Obligatory caveat: Stats neophyte, R neophyte, trying to learn more.
I have daily traffic data for 3k URLs for the entirety of 2016. There is a broad cyclical seasonal trend that the majority of them share, but the extent to which this seasonality is expressed differs. There is a tremendous positive skew
to the distribution of traffic in the data (here the x axis shows the total amount of traffic).
I want to create six groups of 500 URLs for testing purposes and want to ensure that the variance in seasonality of each group is minimized so I can draw conclusions without running the rest for a year, but I don't really know how to proceed. I initially tried to do so by randomly assigning each URL to one of six groups, but since the skew is so nuts I don't really know how to test to ensure that the seasonality of my resultant groups is significantly different. Here
is a time series showing the variation in seasonality between each randomly generated group--the y axis is the % difference of the month relative to the month before it, which is why January isn't present.
To the eye, this looks like the same general trend is occurring, but there seems to be significant variation at certain points.

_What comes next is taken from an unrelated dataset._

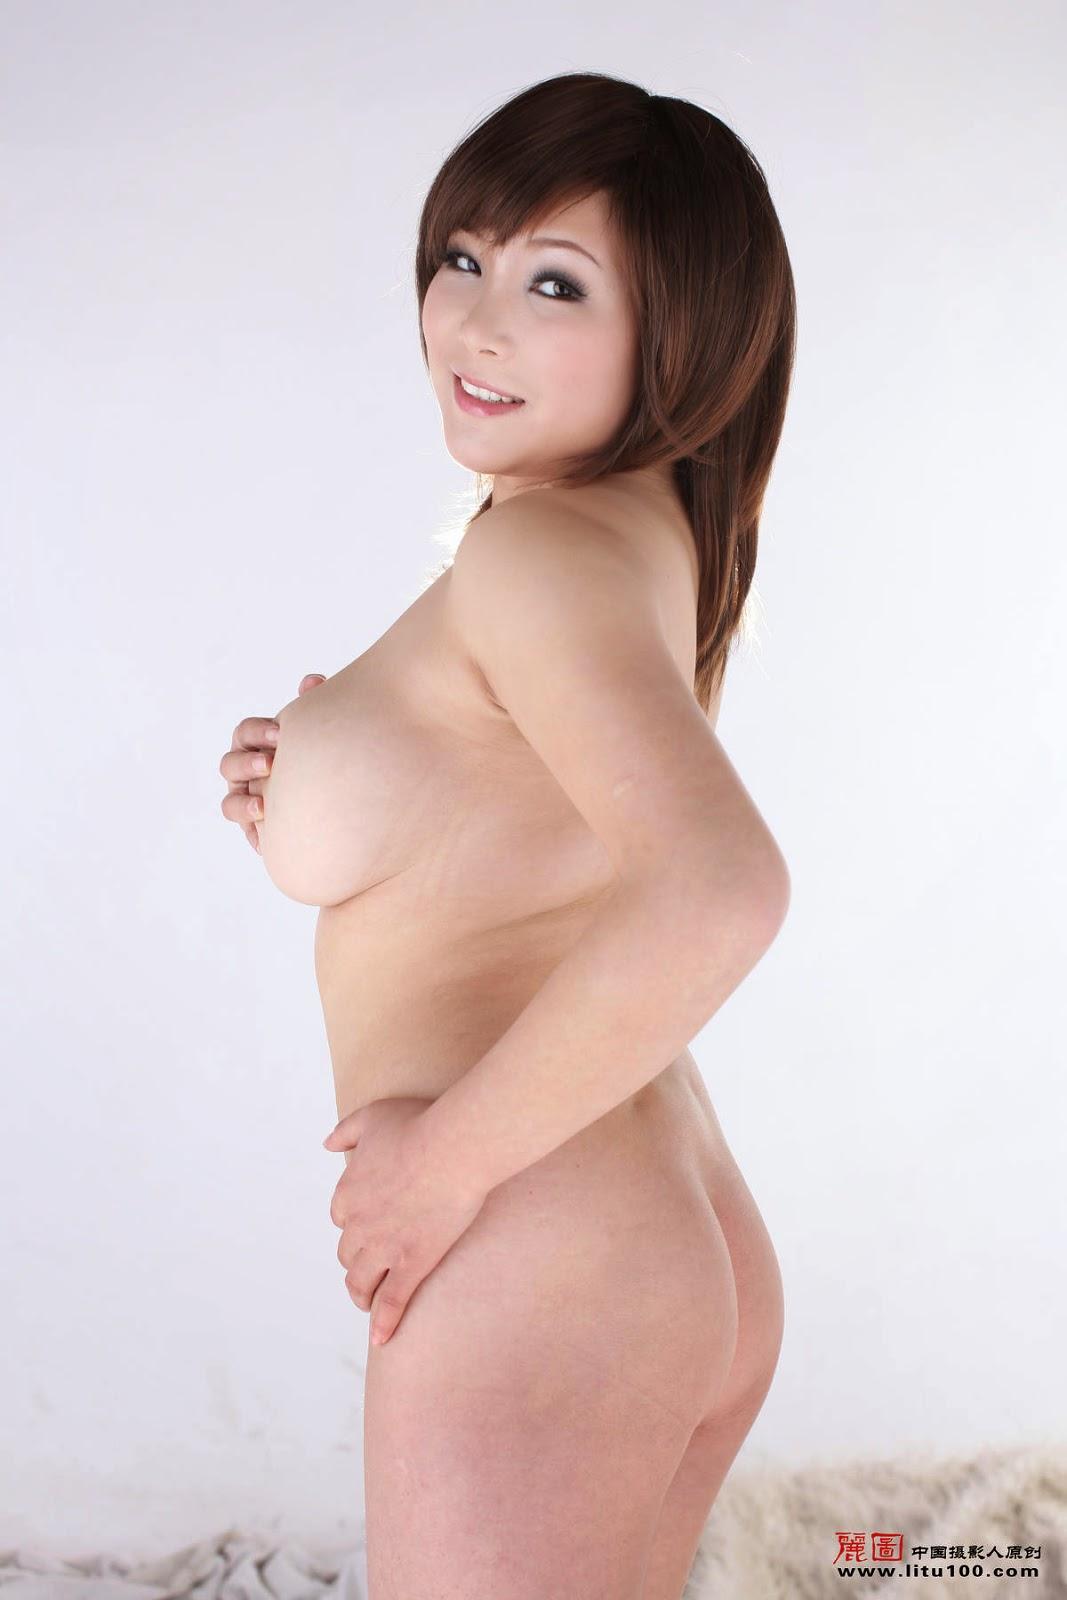 Chinese Nude Model Ju Dan [Litu100]   18+ gallery photos ...

Anyway, I'm hoping to do something reproducible so I don't want to just trust my gut.
I'm basically looking to apply the methodology found here for my own purposes. In this post, they indicated that they used t-tests to reinforce the assumption that the test groups aren't meaningfully different, but due to my data's skew, I don't think t-tests will tell me anything. I read about transforming the data using log transformation but even after that
the distribution wasn't remotely normal. After that I read about Box-Cox transformations but that got so confusing I couldn't make heads or tails of it--trying to execute it in R assumed I already had a linear model, and so far as I can tell I only have one variable.
Anyway, I'm really banging my head against a wall at this point. I would seriously appreciate any pointers you have. I'd already poked around CV and found stuff like this that didn't really help for reasons explained above. I'm not looking for a bulletproof solution, just something that can reasonably reduce some of the seasonal ambiguity.